If you’re not familiar with the source material, it’s difficult to make head or tail of what’s happening during Robert Schumann’s Szenen aus Goethe’s Faust. Striding through the two-part magnum opus with seven-league boots, Schumann picked seven unconnected scenes, leaving large gaps in the plot. In awe of Goethe’s genius, he left the selected texts practically unchanged and, ambitiously and admirably, apart from setting the disastrous love story between Faust and Gretchen, he also included scenes from the more philosophical Faust, Part Two. The resulting oratorio-opera hybrid has zero narrative cohesion but plays out like two hours of glorious highlights from an imaginary operatic cycle encompassing all of Faust. And what inspired highlights they are, as this performance by the Royal Concertgebouw Orchestra under Sir John Eliot Gardiner showed.

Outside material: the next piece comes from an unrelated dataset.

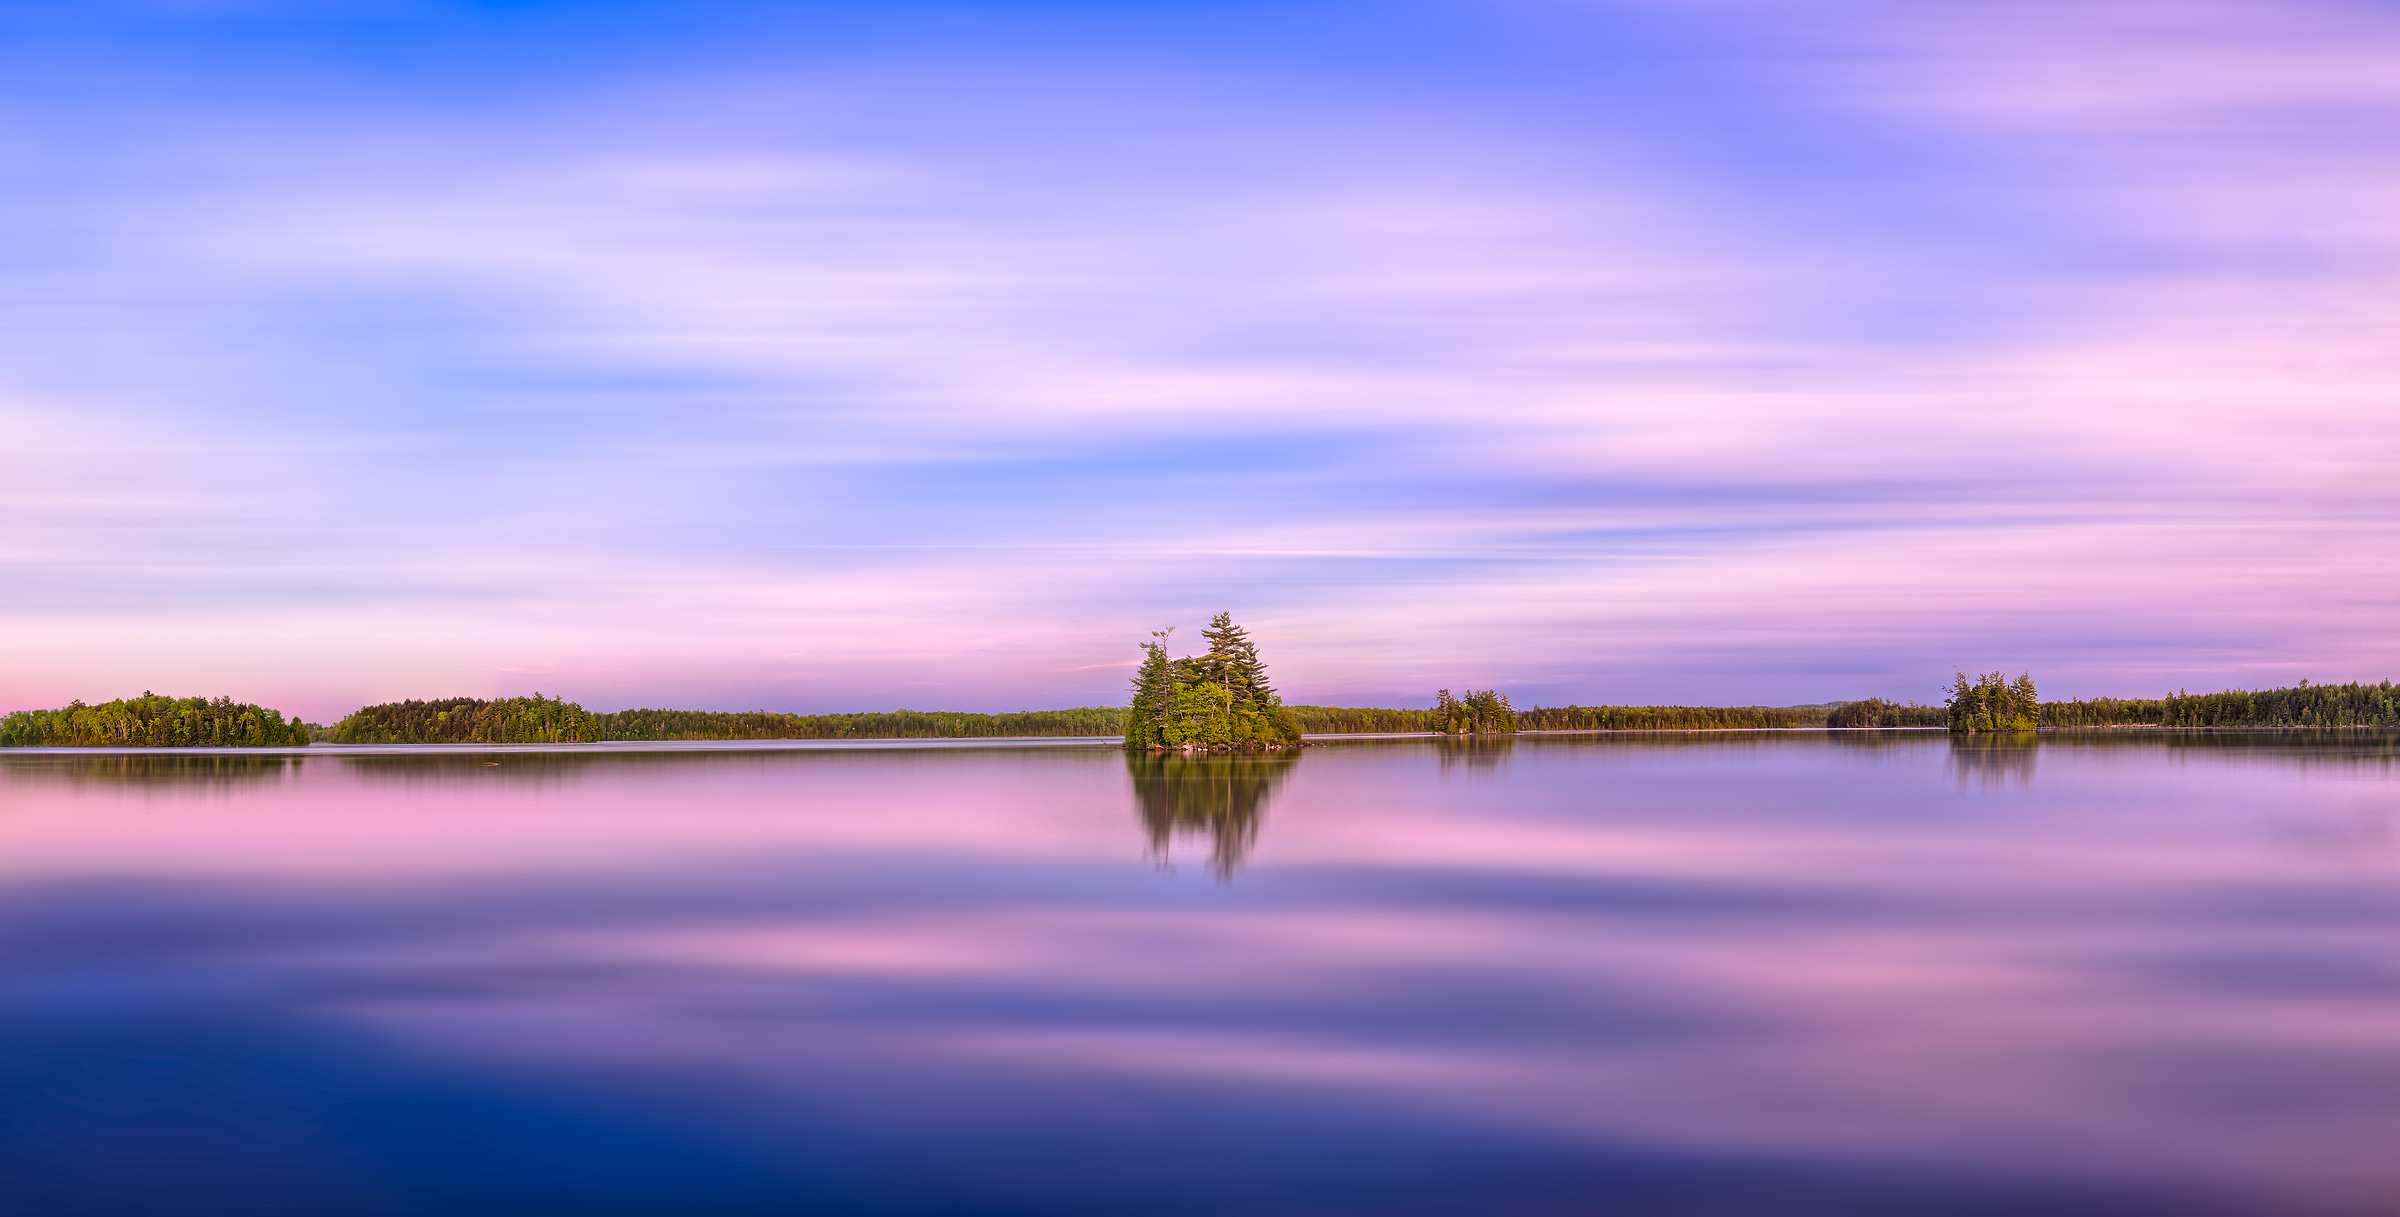 115 megapixels! A very high resolution, large-format VAST photo of sunset over Quakish Lake in New England; fine art landscape photograph created by Aaron Priest in Millinocket, Maine.

Sir John Eliot Gardiner and the Royal Concertgebouw Orchestra © Jan Hordijk
Sir John Eliot Gardiner and the Royal Concertgebouw Orchestra
© Jan Hordijk

Before the concert commenced, the orchestra observed a minute of silence and then played Valse triste by Jean Sibelius, performed conductorless and without applause, in a touching tribute to Mariss Jansons. Jansons, who passed away on the 30th of November, was chief conductor of the RCO from 2004 to 2015 and this was one of his favourite encore pieces. After the tumultuous Faust overture, the tender but urgent love scene in the garden also dances, unfolding to a waltzing orchestral accompaniment in 12/8 time. Gardiner’s lack of dynamic variety, however, made it dance rather less fluidly than Valse triste. Although he kept the large army of performers aligned at all times, he did not always adapt volume and mood to the singers’ intent. The delicate lyricism of tenor Werner Güra as a benevolent spirit, for example, got lost in the orchestral current. And when baritone Christian Gerhaher, who was extraordinary in the title role, pared down his sound to create intimacy and tension, the orchestra did not always follow suit. Gardiner was more subtle and more in sync with the soloists in the last third of the performance. Still, as fine as the playing was, the real lustre came from the singing.

The top-drawer cast included silky bass Tareq Nazmi and the polish of Ann Hallenberg and Claire Barnett-Jones, representing, respectively, the brighter and deeper hues within the mezzo-soprano spectrum. Bass Kurt Rydl as Mephistopheles cleverly balanced out his now diminished vocal reserves with a forceful declamatory presence. The impish National Kinderkoor as his minions reinforced his satanic authority. Soprano Louise Alder distinguished herself in her mellifluous, eloquent solo as the allegorical figure Distress. Why don't we hear Gretchen’s anguished prayer to Our Lady of Sorrows more often in soprano recitals? Christiane Karg, with her pure, lambent singing, demonstrated how deeply moving it is.

Merged into one synchronised ensemble, the Netherlands Chamber Choir and the Laurens Collegium Rotterdam brought an opulent sheen to Schumann’s magnificent choral writing, from the blood-curdling requiem in the Gothic horror of the cathedral scene to the celestial choruses that redeem Faust’s soul. It always feels like a small miracle to hear a large choir articulate words crisply without sacrificing beauty of sound. “Who e'er aspiring, struggles on, for him there is salvation”, sings the choir of angels at a crucial moment in the finale. Gerhaher, utilising all the registers of his tensile baritone and an astonishing expressive palette, captured both the torment and the rapture of this ceaseless striving. He pierced through the complexity of the metaphysical text with emotional immediacy, making you feel as if you understood it fully. That would be an improbable claim for anyone who isn’t a Goethe scholar, but great artists can reveal to our hearts what our minds cannot grasp.